Although the underlying message model is based on the SOAP message format, with a Header and a Body, building RESTful services as possible with WCF even before .NET 3.5 (with considerably more plumbing code), but it is a testament of WCF’s truly open and extensible design.

With 3.5, WCF added both infrastructure support (bindings, etc.) as well as a programming model.

In ServicePack1 the team added:

  • Support for AtomPub’s ServiceDocument and CategoriesDocument
  • Support for characters inside of path segments (/{lat};{long} )and file extensions (/{name}.json)
  • and more…

This make building RESTful endpoints with WCF very straightforward, even if you don’t know a lot about REST.


AJAX (Asynchronous JavaScript and XML), is a very popular way to build rich web applications. Although conceived as XML-based,  most AJAX applications today use JSON (JavaScript Object Notation).

JSON has a smaller serialization footprint and saves bandwidth and processing.
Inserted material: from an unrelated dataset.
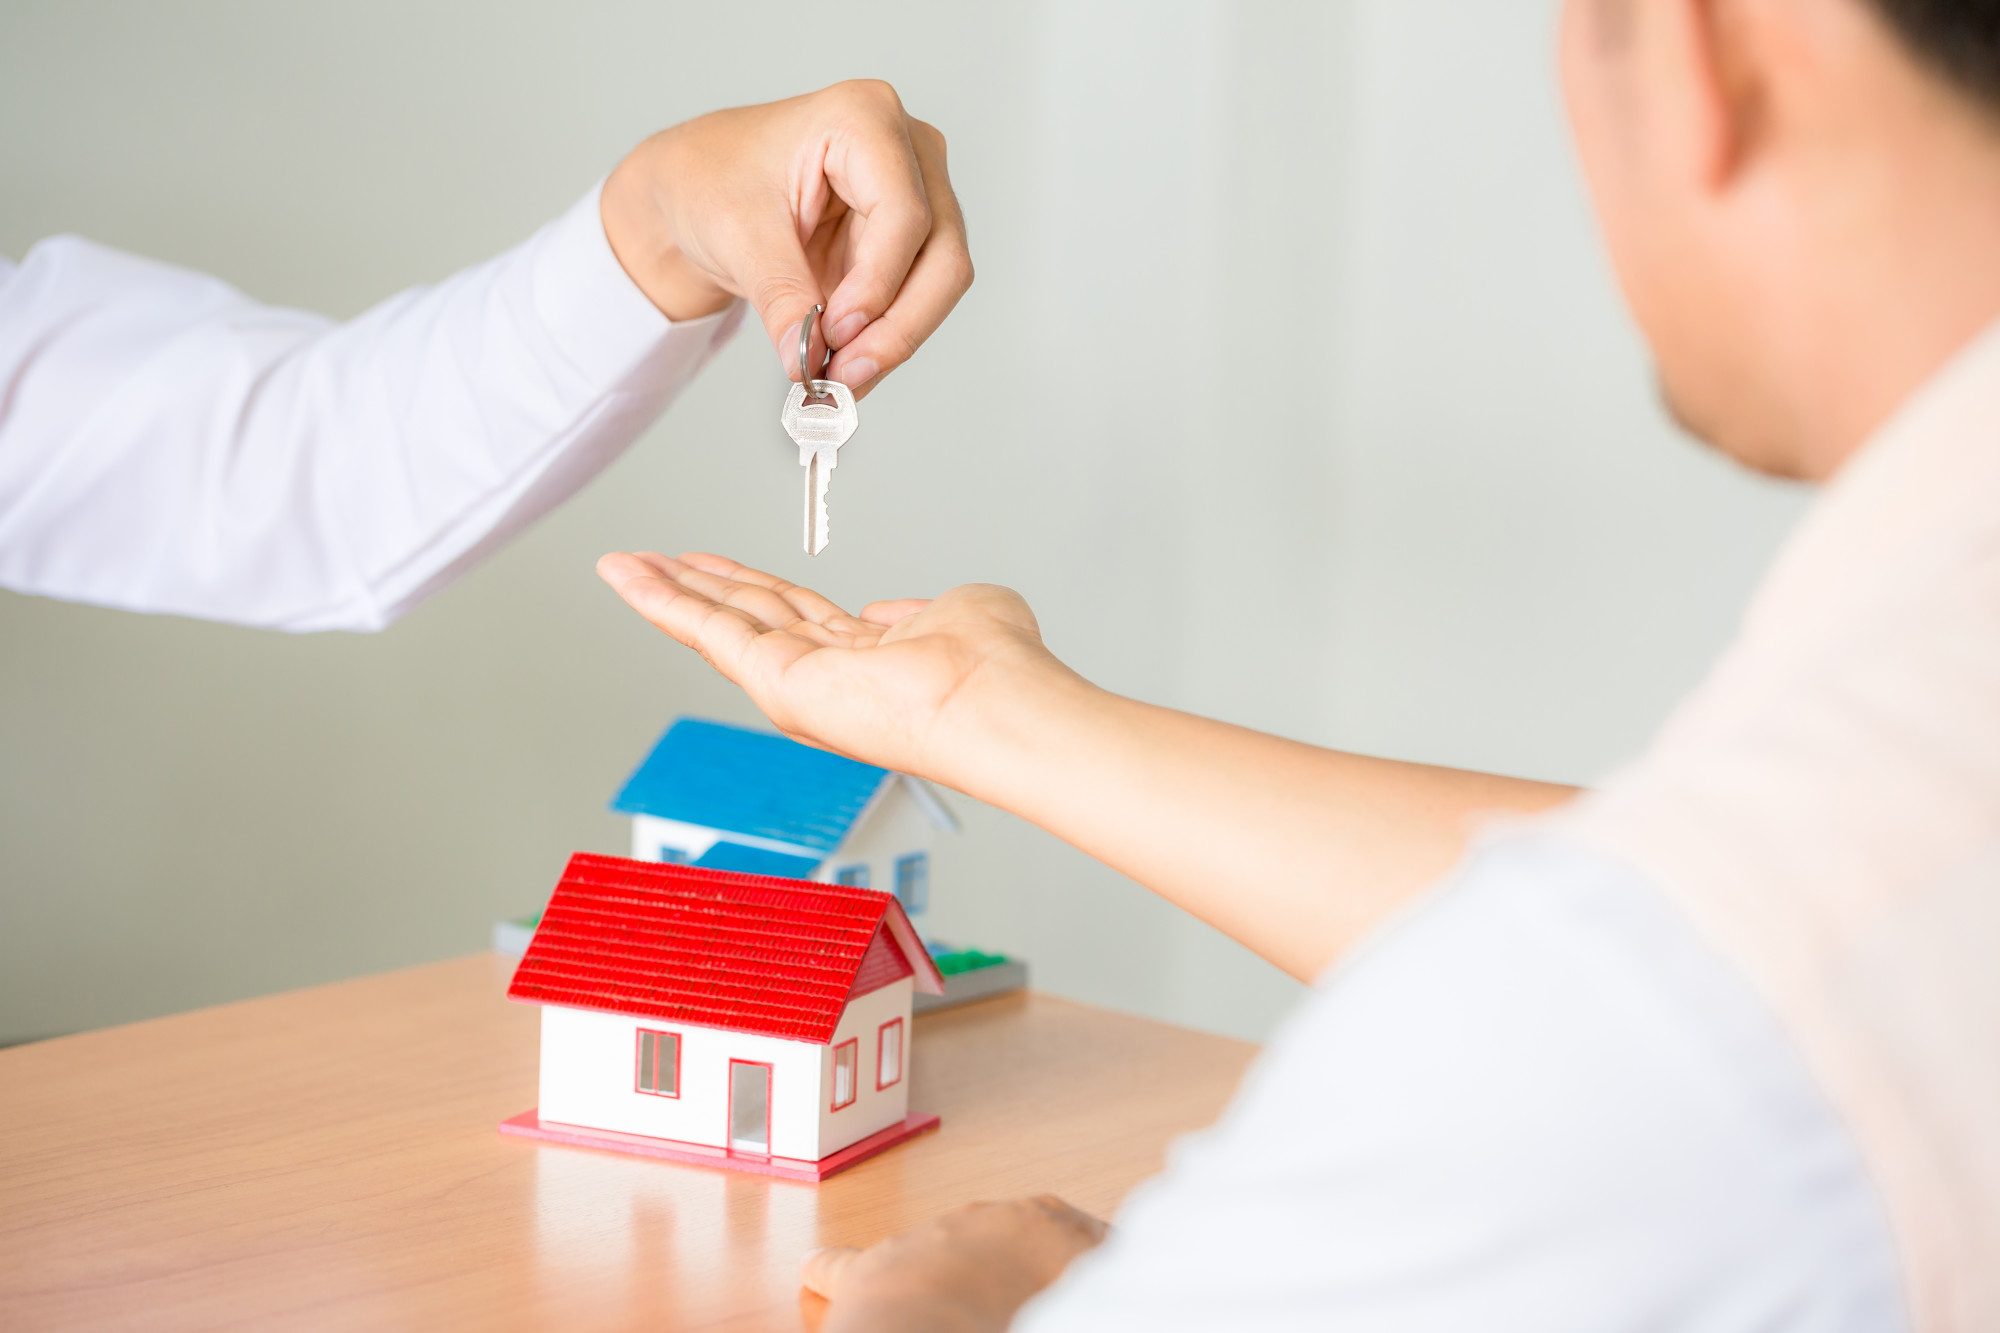 Property management company near me: Do you want to know about the most common mistakes that they make? Read on to learn more.

It also has a natural integration with JavaScript (through the eval function), and so the programming experience in JavaScript is much nicer.
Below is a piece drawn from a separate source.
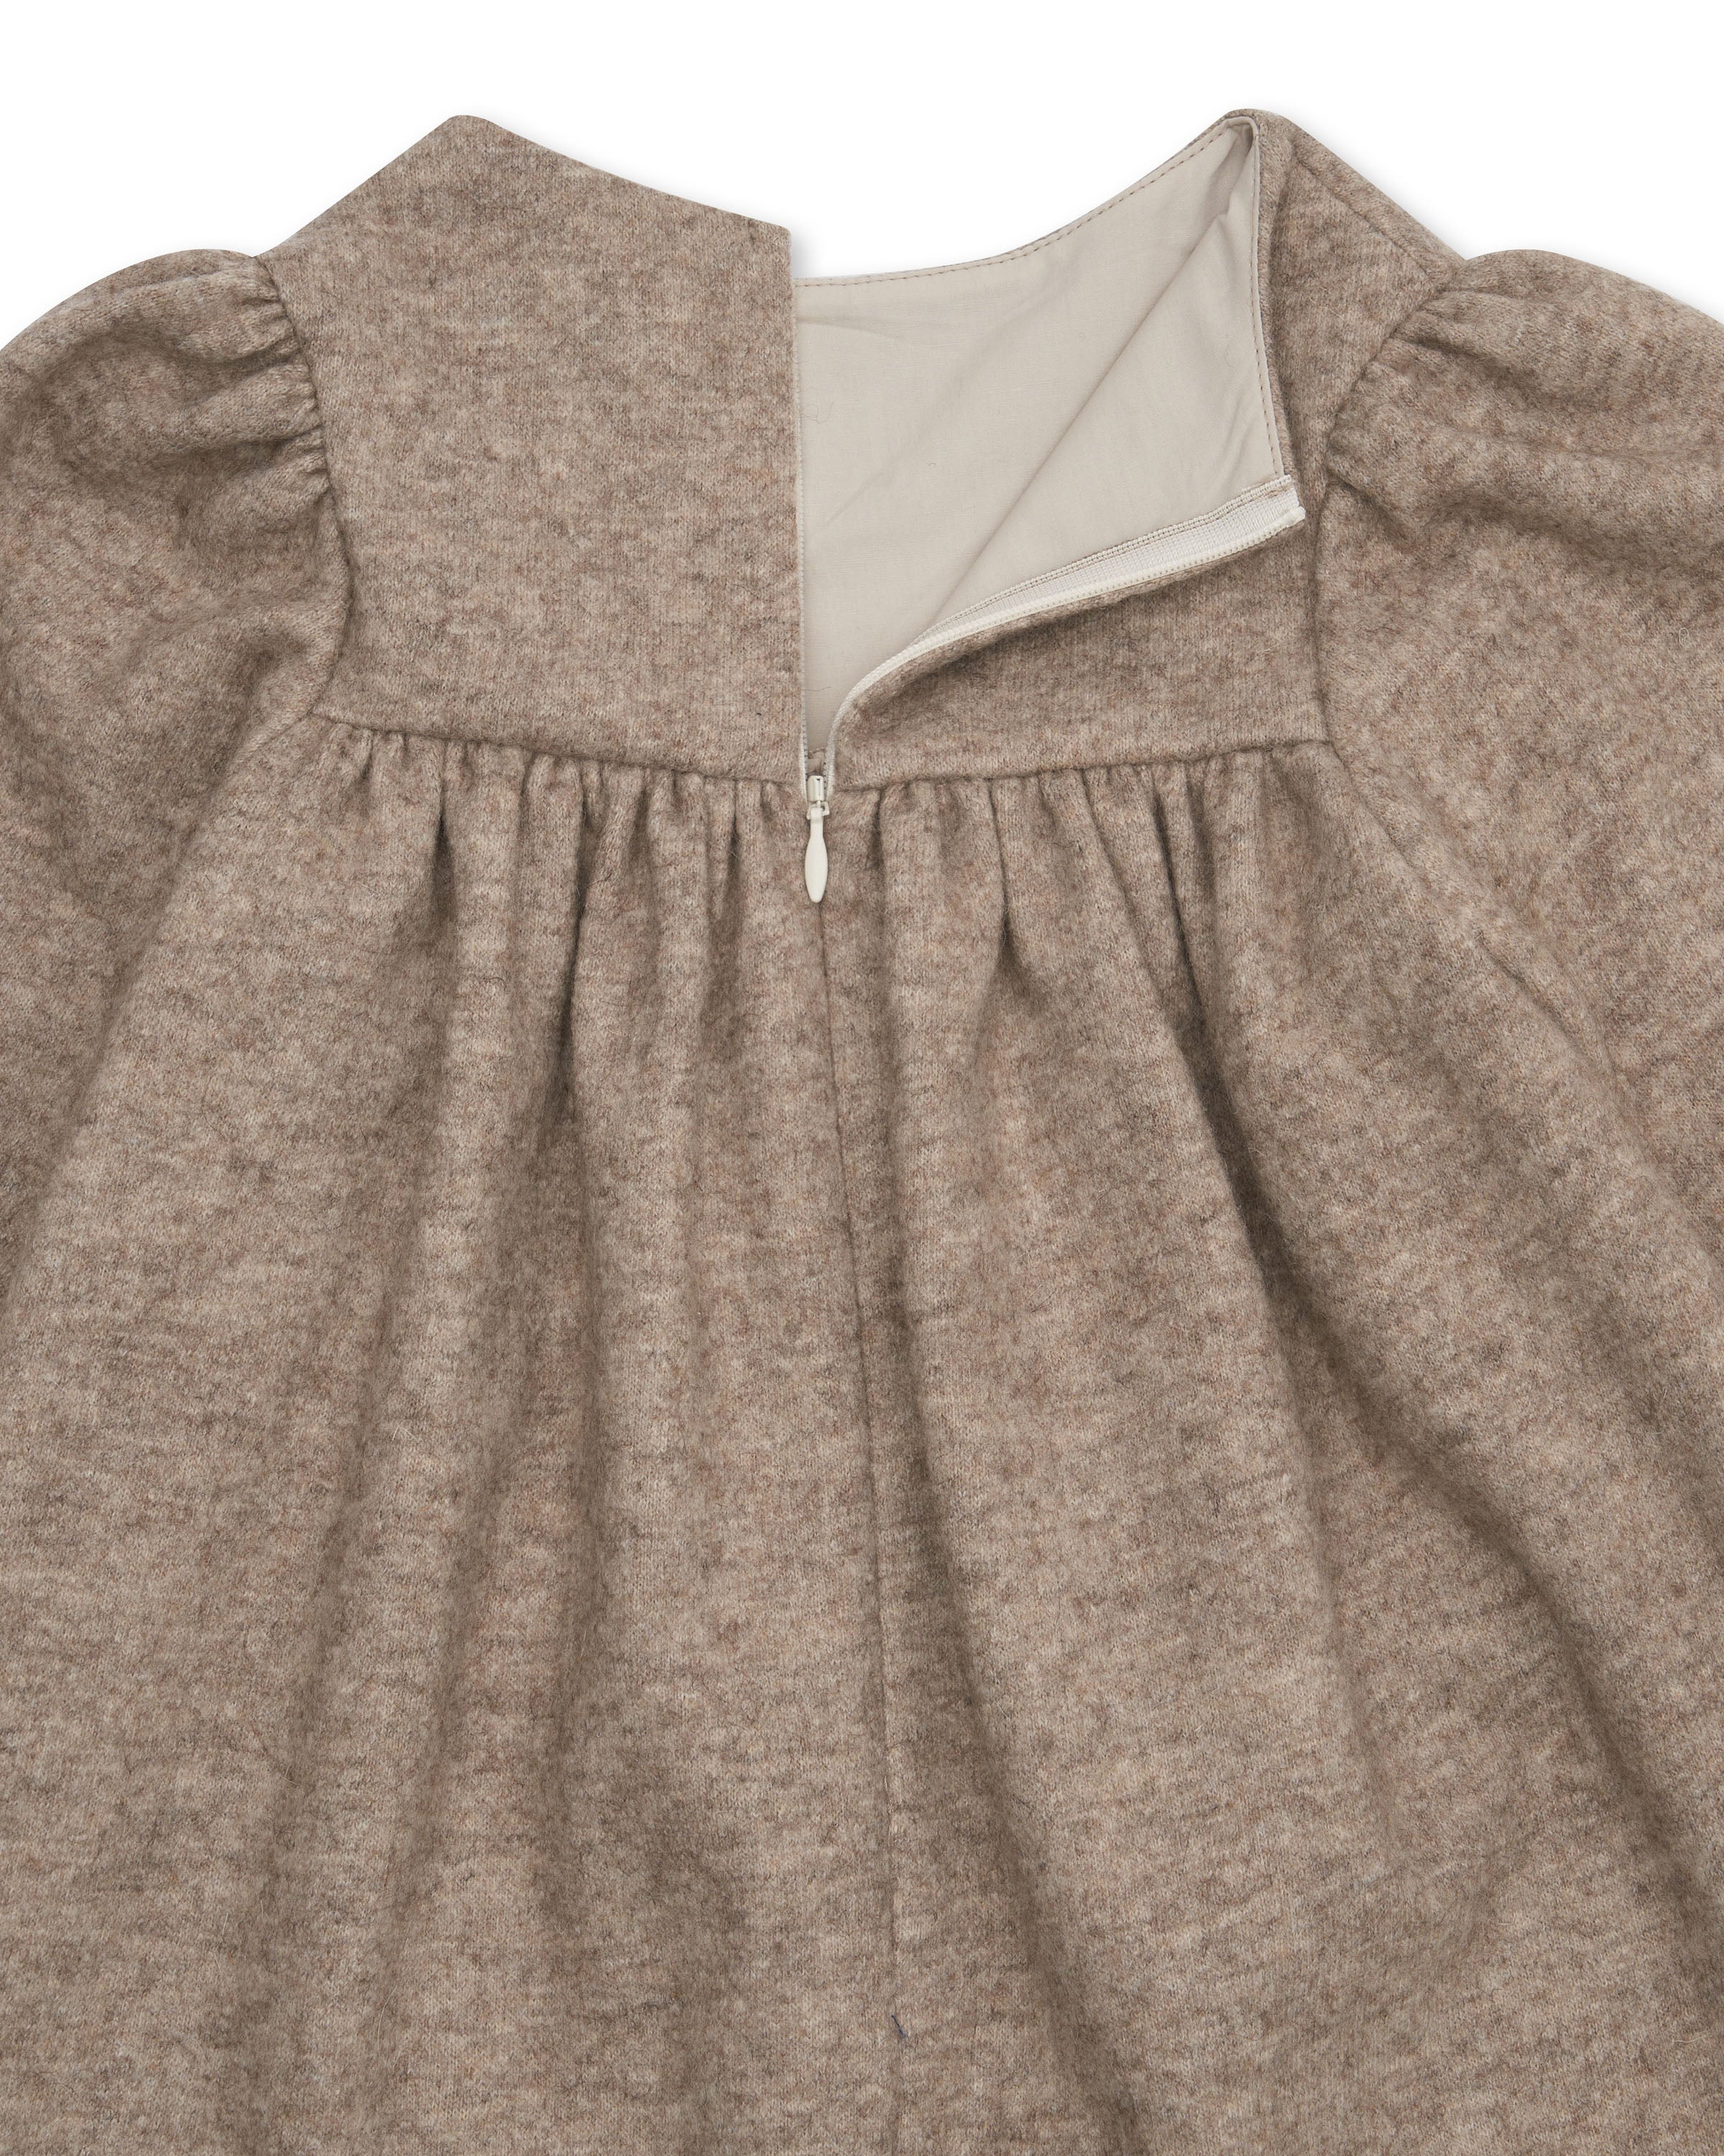 Girls' Designer Dress, Oatmeal, long sleeve, mid length, ages 1 to 6.

On top of the base functionality WCF has additional support for building AJAX-based applications. First, there is a serializer that will take .NET objects and turn them into JSON, or take JSON objects and turn them into .NET objects. Also, if you are using ASP.NET AJAX as the client programming model, there is a JavaScript “proxy” which is exposed from the endpoint that enables you to use the service endpoint with very little effort, and has the added benefit of integrating with ASP.NET’s IntelliSense in Visual Studio.


Feeds  are a common way of exposing data on the  web, particularly to automate posting machine-readable data for blogs and news. Organizations are finding feeds to be a very useful way to also expose various types of enterprise data. For instance, almost all of the data in a SharePoint portal can be exposed as a feed.

Syndication, the act of exposing data using web feeds relies in two typical formats: RSS and Atom. RSS is the older standard, and Atom is quickly become the more dominant (although many sites/endpoints expose both formats) because Atom has a richer model for non-HTML data as well as linking.

The support built into WCF for feeds is built on top of the base functionality we mentioned above.

The basic idea behind the WCF support for feeds it to abstract away from the developer the need to know the various feed formats (in this version of WCF that’s RSS 2.0 and Atom 1.0). This is done by separating the data from the serialization model.

Developers can simply take data and push it into the WCF OM (Object Model). Then take the WCF OM and pass it to the formatter. The formatter takes care of turning the WCF OM (which is layered on top of the data) into the correct feed format.

The WCF OM is closer to the Atom model, since the Atom model is as we said before, a little richer in terms of its data.

Finally, the WCF object model from WCF relies in two core objects: SyndicationFeed and SyndicationItem. The SyndicationFeed represents the whole feed, and each SyndicationItem represents an entry. SyndicationFeed has an Items property which holds onto the individual items.

In Part II we will explore:

  • WCF Dispatching
  • AtomPub
  • Tooling support
  • Security
  • Processing
  • Transactions
  • Purity (Purists vs Pragmatics)


REST as an architectural style encourages interoperable, scalable web services, while WCF 3.5 provides the support for building services using this architectural style. Building RESTful services in .NET is an elegant integration of simplicity and power. We leverage the simplicity of the fundamental web protocols with the power of our framework and development tools.